Comparison of LDAR with established prognostic indices for mortality prediction. This figure compares the predictive performance of the LDAR against conventional scoring systems and inflammation/nutrition-based indices in predicting (a) 28-day ICU mortality and (b) in-hospital mortality. ROC curves were constructed for each variable used as a single predictor in logistic regression. LDAR (blue) achieved an AUC of 0.700 for ICU mortality and 0.710 for in-hospital mortality, surpassing the Sequential Organ Failure Assessment (SOFA; AUCs 0.636 and 0.657), PNI (0.606 and 0.585), SIRI (0.628 and 0.608), and SII (0.574 and 0.538). The Simplified Acute Physiology Score II (SAPS II; green) had the highest AUC in both panels (0.718 and 0.719), but the margin over LDAR was minimal (∼0.01–0.02). These results highlight that LDAR—a simple, unitless ratio derived from two routinely measured parameters (LDH and albumin)—delivers prognostic discrimination comparable to a complex composite score, and consistently outperforms widely used inflammatory and nutritional indices. Its simplicity, cost-efficiency, and clinical relevance suggest that LDAR may serve as a practical early risk stratification tool in oncologic ICU populations. ROC: receiver operating characteristic; AUC: area under the curve; LDAR: lactate dehydrogenase-to-albumin ratio; SAPS II: Simplified Acute Physiology Score II; SOFA: Sequential Organ Failure Assessment; PNI: Prognostic Nutritional Index; SIRI: Systemic Inflammation Response Index; SII: Systemic Immune-Inflammation Index; ICU: intensive care unit.
Discussion
A large cohort of ICU patients with GI malignancies was constructed based on the MIMIC-IV database to evaluate the prognostic value of the LDAR for short-term mortality. The analysis demonstrated a significant association between elevated LDAR and increased 28-day mortality, suggesting a correlation with disease severity.
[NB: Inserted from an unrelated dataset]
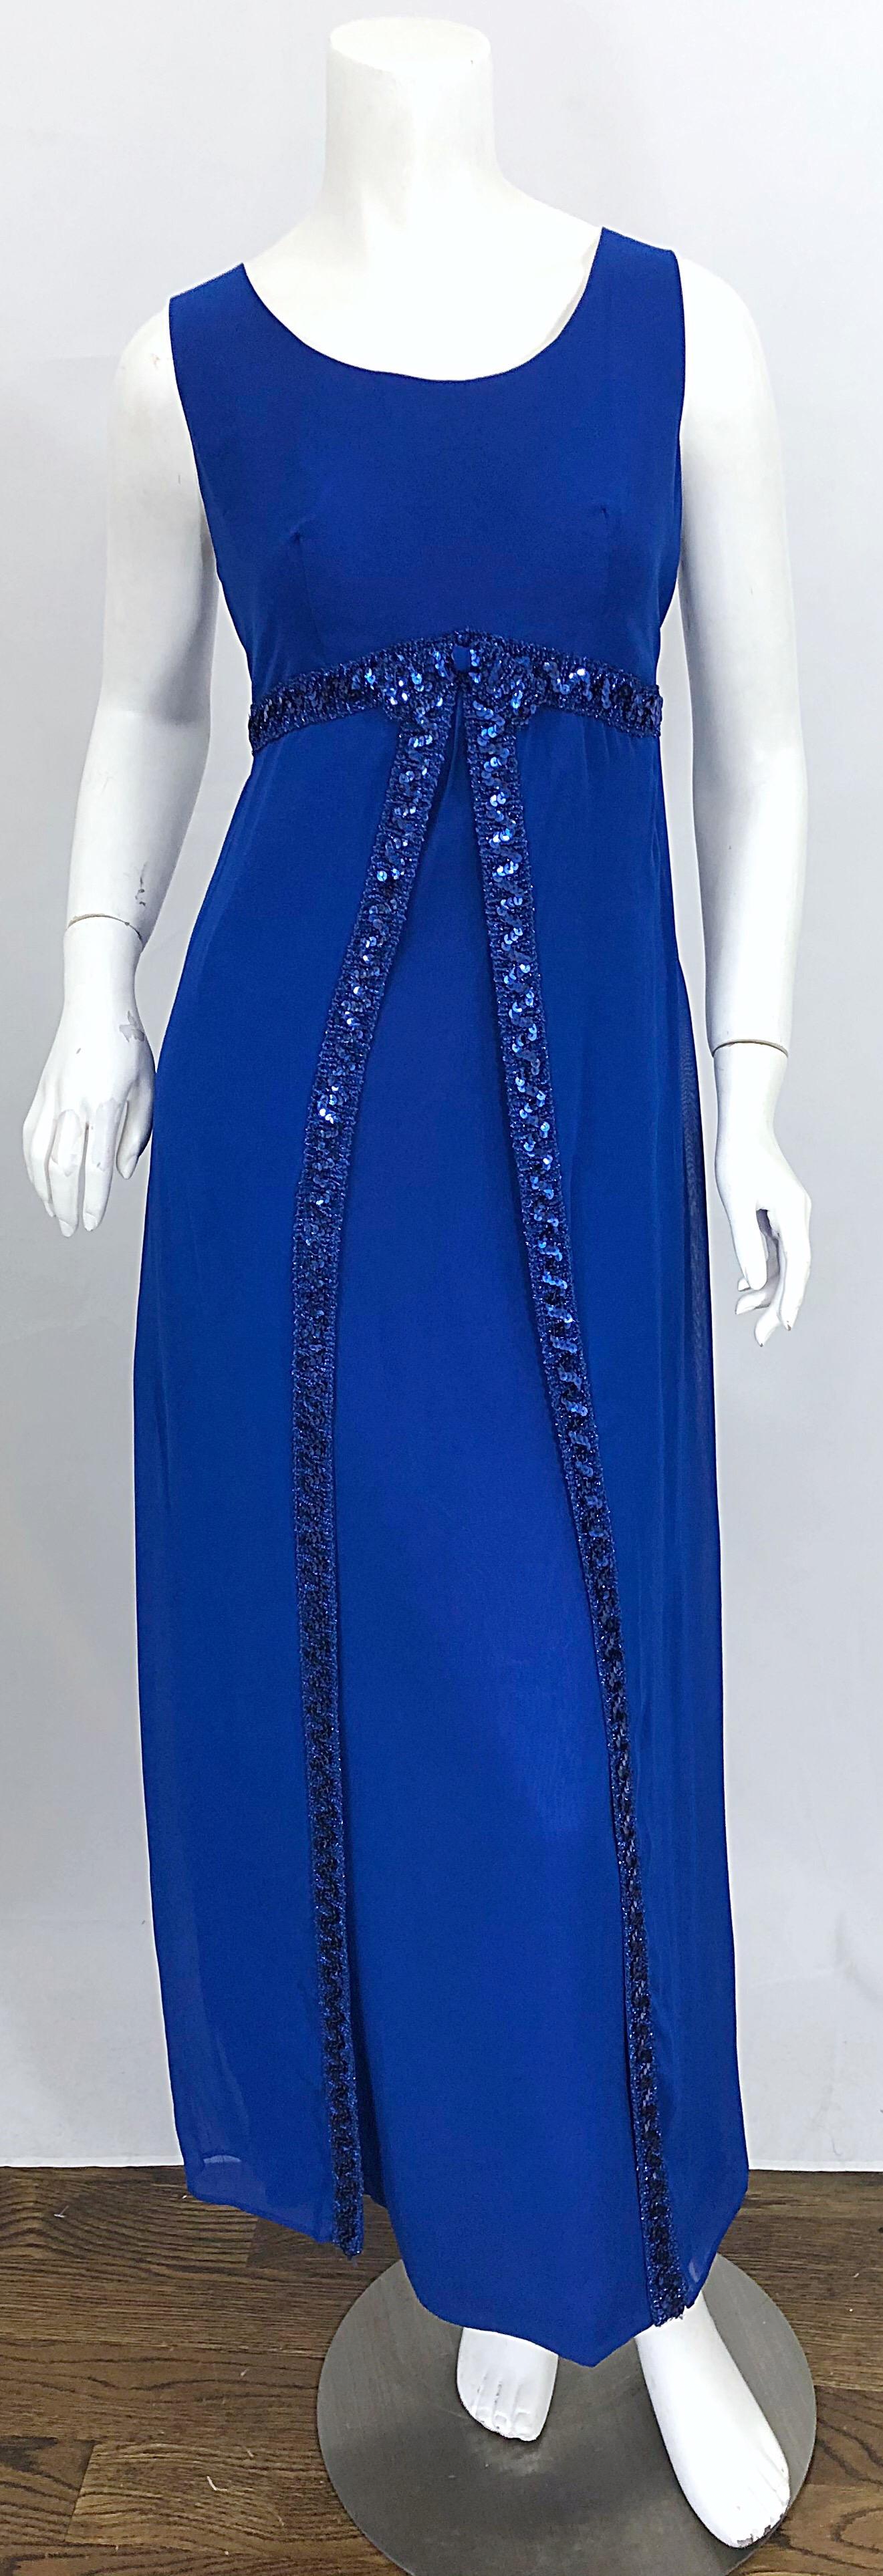 Magnifique robe CHARMONT MODEL des années 1960 par BURKEMAN & PASSES en mousseline de soie bleu royal pailletée ! Comprend un corsage ajusté, une jupe droite et une superposition. Des centaines de paillettes cousues à la main sous la poitrine et le

After adjusting for age, sex, metastatic status, and SOFA score, LDAR remained an independent predictor of 28-day mortality (all adjusted ORs > 1, P < 0.001). RCS modeling identified a notable inflection point at log₂(LDAR) ≈ 5.314 (corresponding to LDAR ≈ 40), beyond which mortality risk increased sharply in a nonlinear manner (Figure 3), indicating a significant nonlinear dose-response relationship. Kaplan–Meier analysis showed that patients in the highest LDAR quartile had a 28-day survival rate of approximately 35%, markedly lower than the 73% observed in the lowest quartile, revealing a pronounced difference in survival probability across LDAR strata. Boruta feature selection ranked LDAR among the most important predictors, comparable to SAPS II and BUN, highlighting its unique and substantial contribution to outcome prediction. Nine ML models were developed, with random forest, AdaBoost, and XGBoost performing best, yielding AUCs between 0.80 and 0.84 for 28-day mortality. DCA further confirmed that including LDAR in the models resulted in a meaningful net clinical benefit across a wide range of threshold probabilities. SHAP analysis corroborated the strong contribution of LDAR within the model, demonstrating a consistent positive association with predicted mortality risk. In addition, LDAR was compared directly with conventional ICU severity scores. ROC analysis revealed that LDAR achieved AUCs of 0.700 and 0.710 for predicting 28-day ICU and in-hospital mortality, respectively—exceeding SOFA scores (0.636 and 0.657) and closely approaching SAPS II (0.718 and 0.719). These findings support the clinical utility of LDAR as a simple, laboratory-based index with prognostic power comparable to established complex scoring systems. Taken together, LDAR emerged as a robust, independent, and interpretable predictor of short-term mortality in critically ill patients with GI malignancies. It demonstrated a clear nonlinear threshold effect and significantly enhanced the accuracy and clinical utility of early risk stratification models in the ICU setting.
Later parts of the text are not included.